As the CN⁻ and TrCl₄⁻ anions both bear a negative charge, one might intuitively expect an electrostatic repulsion that only gets larger and larger as they approach one another. Yet a glance at Table 9 reveals a very substantial negative attractive electrostatic component. There are two elements in unraveling this paradox. In the first place, the mutual approach of the two anions causes a rather dramatic rearrangement of the Lewis acid's internal geometry. In the case of the more stable E geometry, TrCl₄⁻ shifts from tetrahedral to a see-saw geometry. This deformation has a drastic effect on the surrounding MEP, substantially enhancing its σ-holes opposite the two equatorial Cl atoms. Due to this rearrangement, V_s,max grows by some 50–80 kcal mol⁻¹, and achieves the values reported in the first column of Table 11. Note that despite the fact that this species remains an anion, the MEP is only slightly negative, and even positive for Al and In. On the other hand, the CN⁻ species does not situate itself precisely at the σ-hole positions which lie directly opposite the two Cl_e atoms, but instead directly between them. So it might be more appropriate to examine the MEP at the site of the C atom. As indicated in Table 11, the MEP here is more negative than at the two σ-holes, but remains far less negative than the σ-holes of the undistorted tetrahedral TrCl₄⁻ monomer, by between 42 and 68 kcal mol⁻¹. In either case the internal rearrangement of the acid is a major factor in allowing for an attractive electrostatic interaction.

Table 11 Values of MEP in TrCl₄⁻ anions (kcal mol⁻¹) when in the geometry adopted within E complexes with CN⁻, and distances of indicated points from the central Tr atom (Å)

	ρ = 0.001 a.u.		At C atom position
	V s,max	R	V	R
AlCl4^−	0.3	1.897	−12.7	2.039
GaCl4^−	−10.2	1.938	−17.3	2.026
InCl4^−	3.7	2.018	−12.3	2.230
TlCl4^−	−13.2	2.108	−20.7	2.237

---

As a second issue, one should recall that a simple point-point representation of the interaction between these two anions quickly breaks down as the two approach one another, where the full electron densities must be considered, as well as charge penetration effects. Indeed, attractive coulombic terms have been noted earlier in other anion–anion interactions for this same reason. The electrostatic component was fairly small and of variable sign in complexes of CN⁻ with MCl₃⁻ (M = Be, Mg, Ca, Sr, Ba), with a maximum attractive component of 6.5 kcal mol⁻¹ in NC⁻⋯BeCl₃⁻,⁹⁵ but is much larger in magnitude, up to 97 kcal mol⁻¹ when NC⁻ approaches MCl₃⁻ (M = Zn, Cd, Hg),⁸⁸ and climbs above 100 kcal mol⁻¹ for interactions with main group ZCl₄⁻ (Z = P, As, Sb).⁸⁷ Comparable and even larger attractive components have been recorded in other related ion–ion systems.^87,96 The attractive electrostatic components of 38–63 kcal mol⁻¹ in the triel-bonding interactions here of CN⁻ with TrCl₄⁻ lie comfortably within the range of these earlier calculations.

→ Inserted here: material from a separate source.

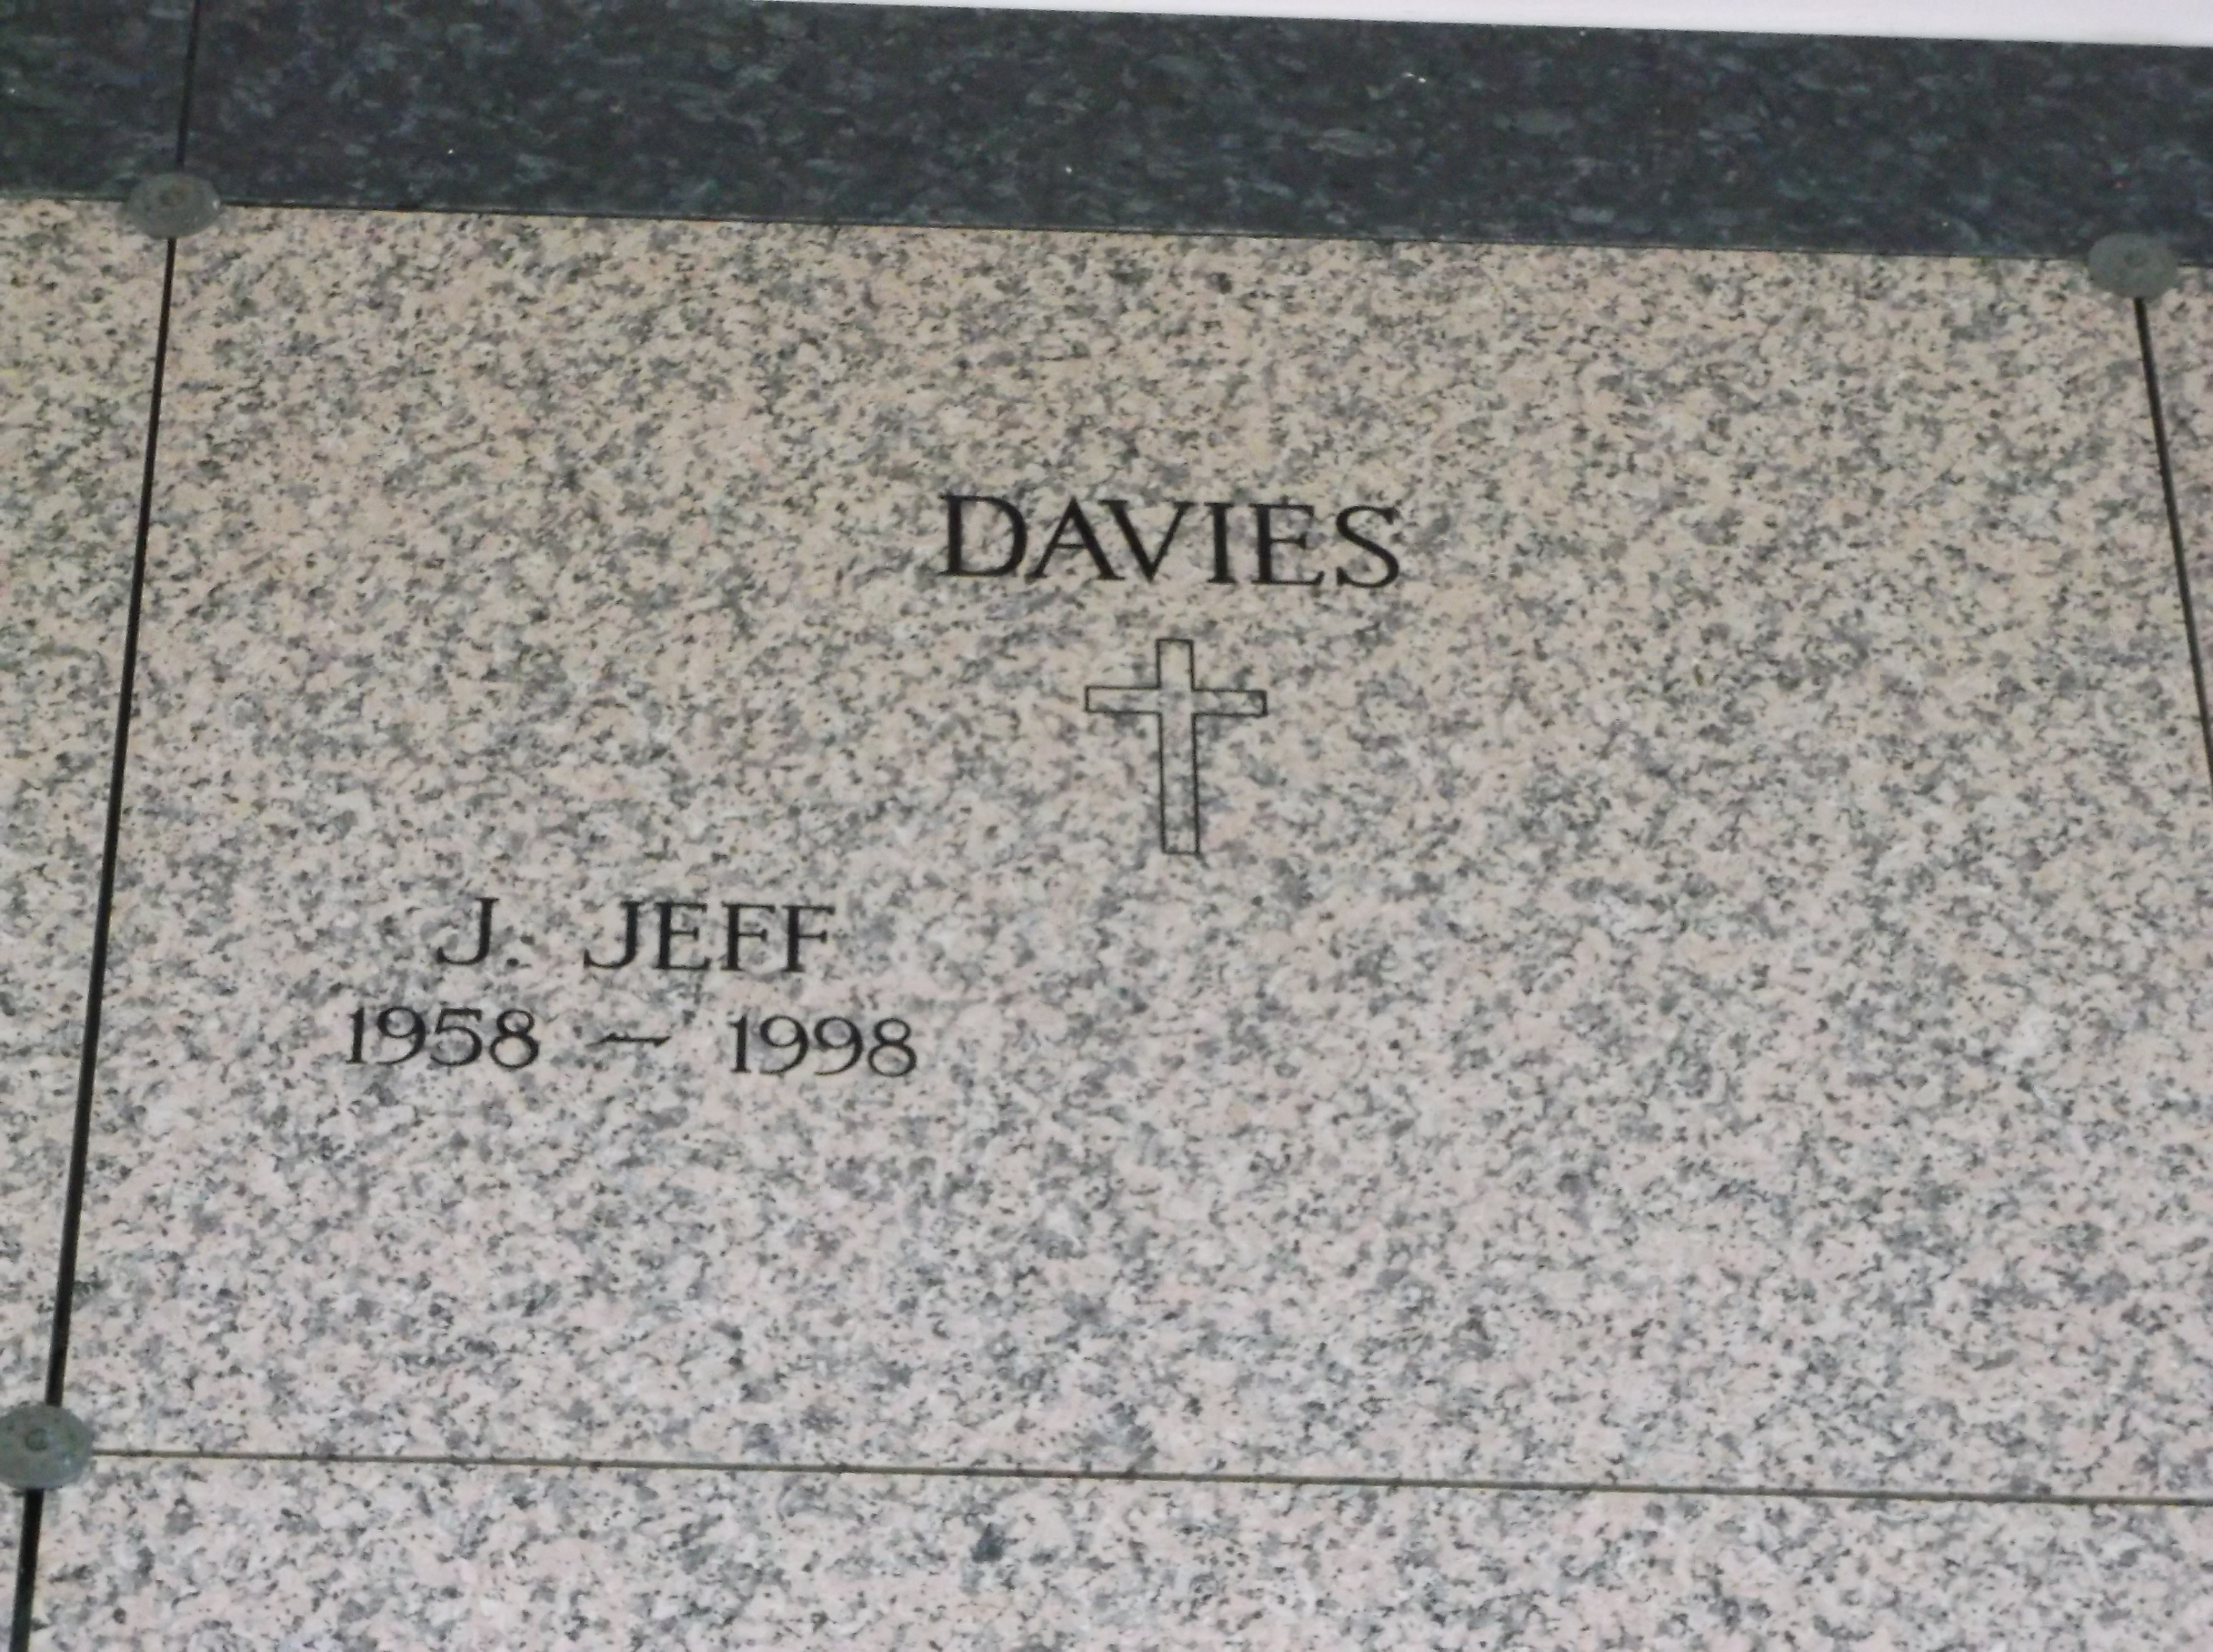 J Jeff Davies

The dissociation profile for the CN⁻⋯TrCl₄⁻ complexes undergoes a dramatic change upon immersion in aqueous solvent. A highly endothermic association in the gas phase, stabilized by an energy barrier, transforms into an energetically downhill exothermic process. This metamorphosis is not without precedent, noted for a range of different types of system,^{41,42,44,51,85–88,95,97} so should probably be thought of as a general feature of ion–ion complexes.

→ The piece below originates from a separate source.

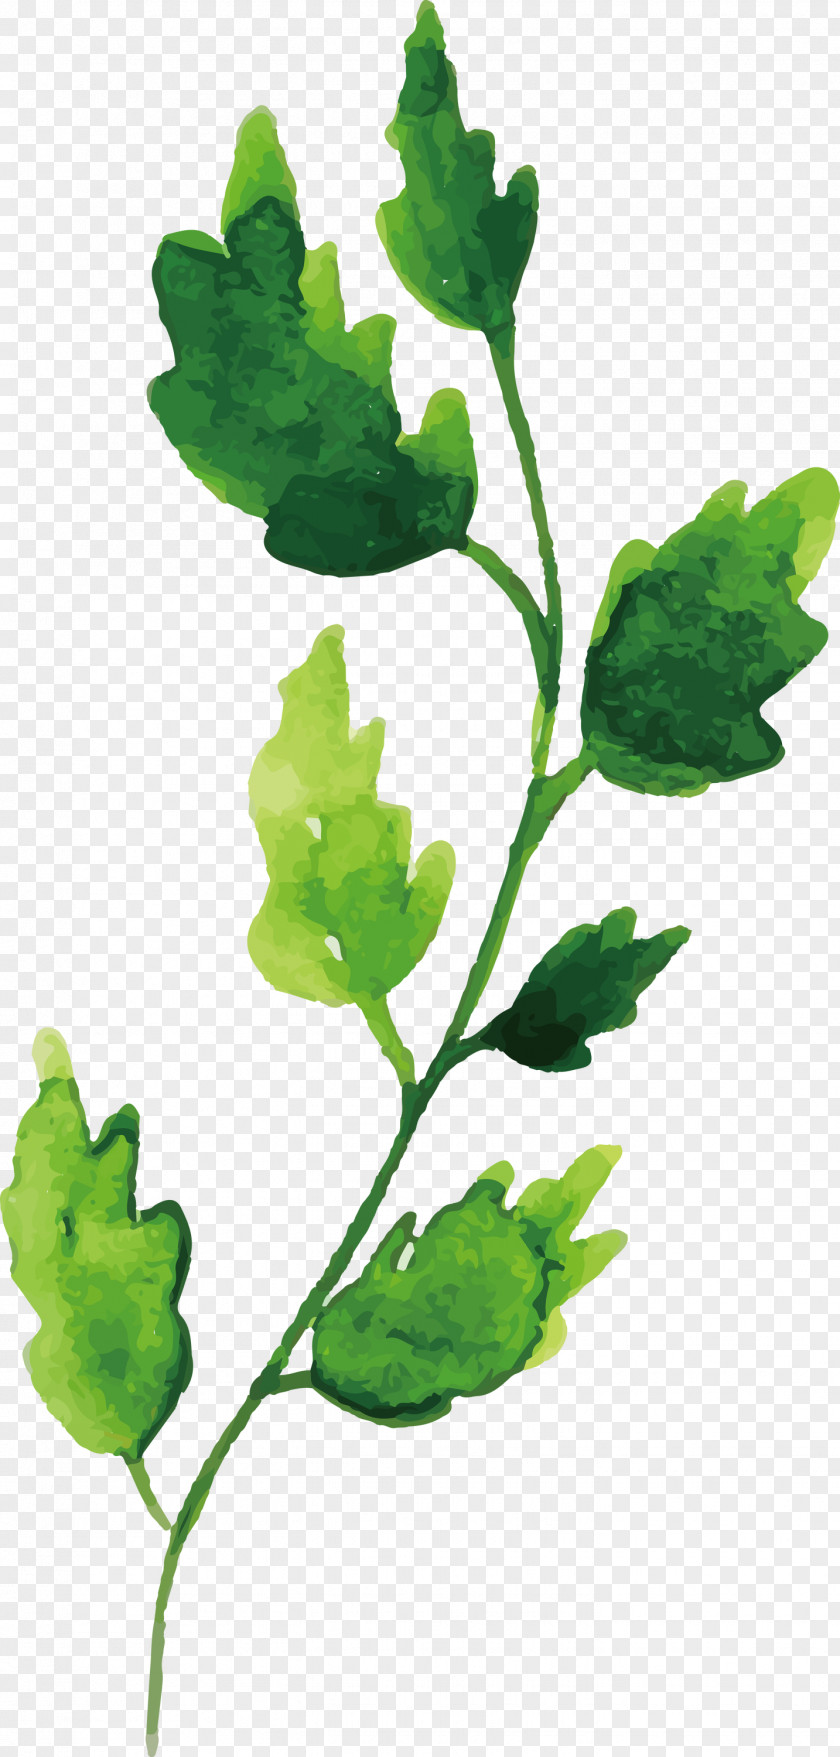 Plant Stem Leaf Vegetable Annual Herb PNG

It is interesting to compare the energetics of the anion–anion TrB with its anion–neutral counterpart. First with respect to the interaction energies, these quantities are all negative, between 8 and 13 kcal mol⁻¹ in the gas phase for the NH₃ complexes, raised up to the 16–37 kcal mol⁻¹ range in water. The anion–anion interaction energies are all positive, some approaching +20 kcal mol⁻¹, in the gas phase. But they reverse completely in solution and become strongly negative, even larger in magnitude than is the case for the anion–neutral systems, up to as much as −50 kcal mol⁻¹. In the context of binding energies, gas phase values for the anion–neutral are small, and generally negative, whereas the anion–anion E_b are very positive, surpassing 50 kcal mol⁻¹. Placing the anion–neutral pairs in water make them more negative by some 7–16 kcal mol⁻¹ so that they are all negative. The solvation of the anion–anion complexes dramatically change E_b from strongly positive to quite negative. Indeed, the aqueous binding energies of the anion–anion complexes are more negative than the equivalent quantities for the anion-neutral pairs.

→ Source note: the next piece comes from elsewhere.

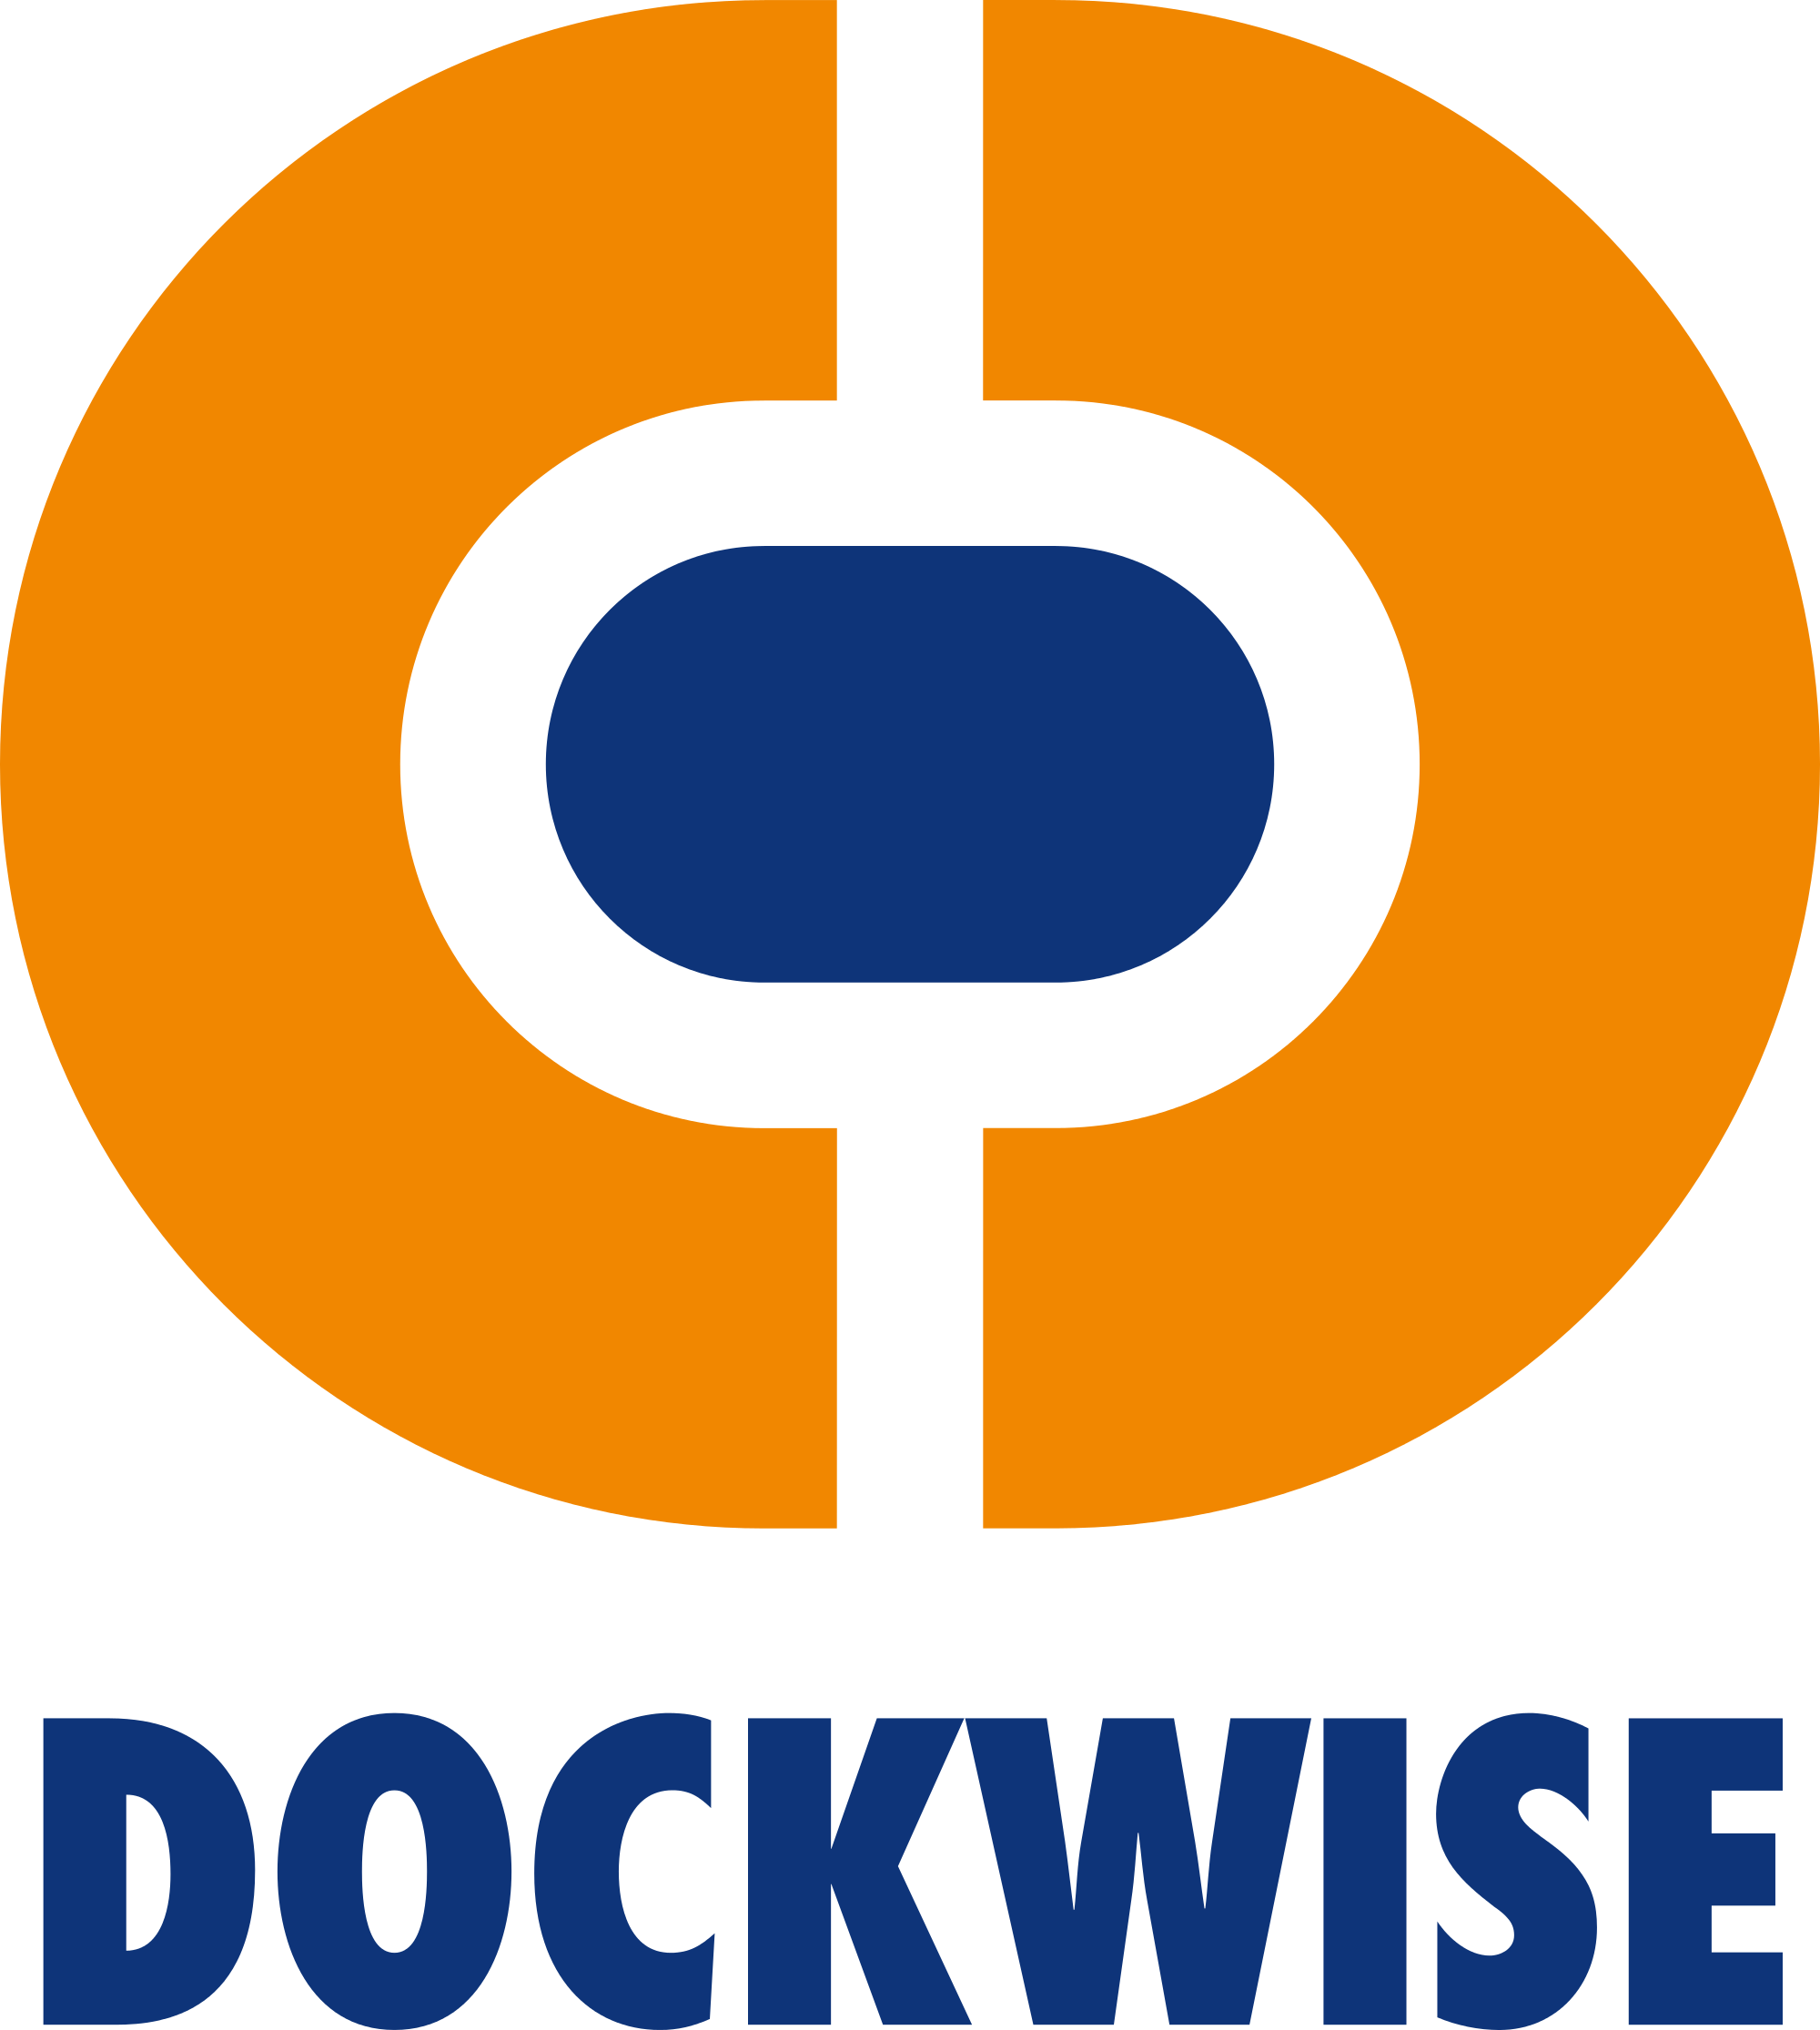 Партнеры CNGS Engineering — Dockwise (сейчас – часть Boskalis)

More complete thermodynamic data for the complexation reactions are supplied in Tables S8 and S9 (ESI†). As a dimerization reaction, the ΔS quantities are all negative, with a magnitude of some 30–40 cal K⁻¹ mol⁻¹. When combined with the enthalpies, the Gibbs free energies of the reactions of NH₃ with the TrCl₄⁻ anions are roughly thermoneutral, more positive in the gas phase. ΔG for the dimerization reactions of CN⁻ in the gas phase are quite positive, but become negative when in aqueous solvent. Positive values of ΔG have been noted in the literature for σ-hole interactions.⁹⁸

Another question arises in connection with the use of pseudopotentials. Interaction energies were recomputed at the M06-2X/def2tzvpp level of theory. As reported in Table S10 (ESI†), the switch to an all-electron basis set does not alter any of the patterns noted above with pseudopotentials for the heavier atoms.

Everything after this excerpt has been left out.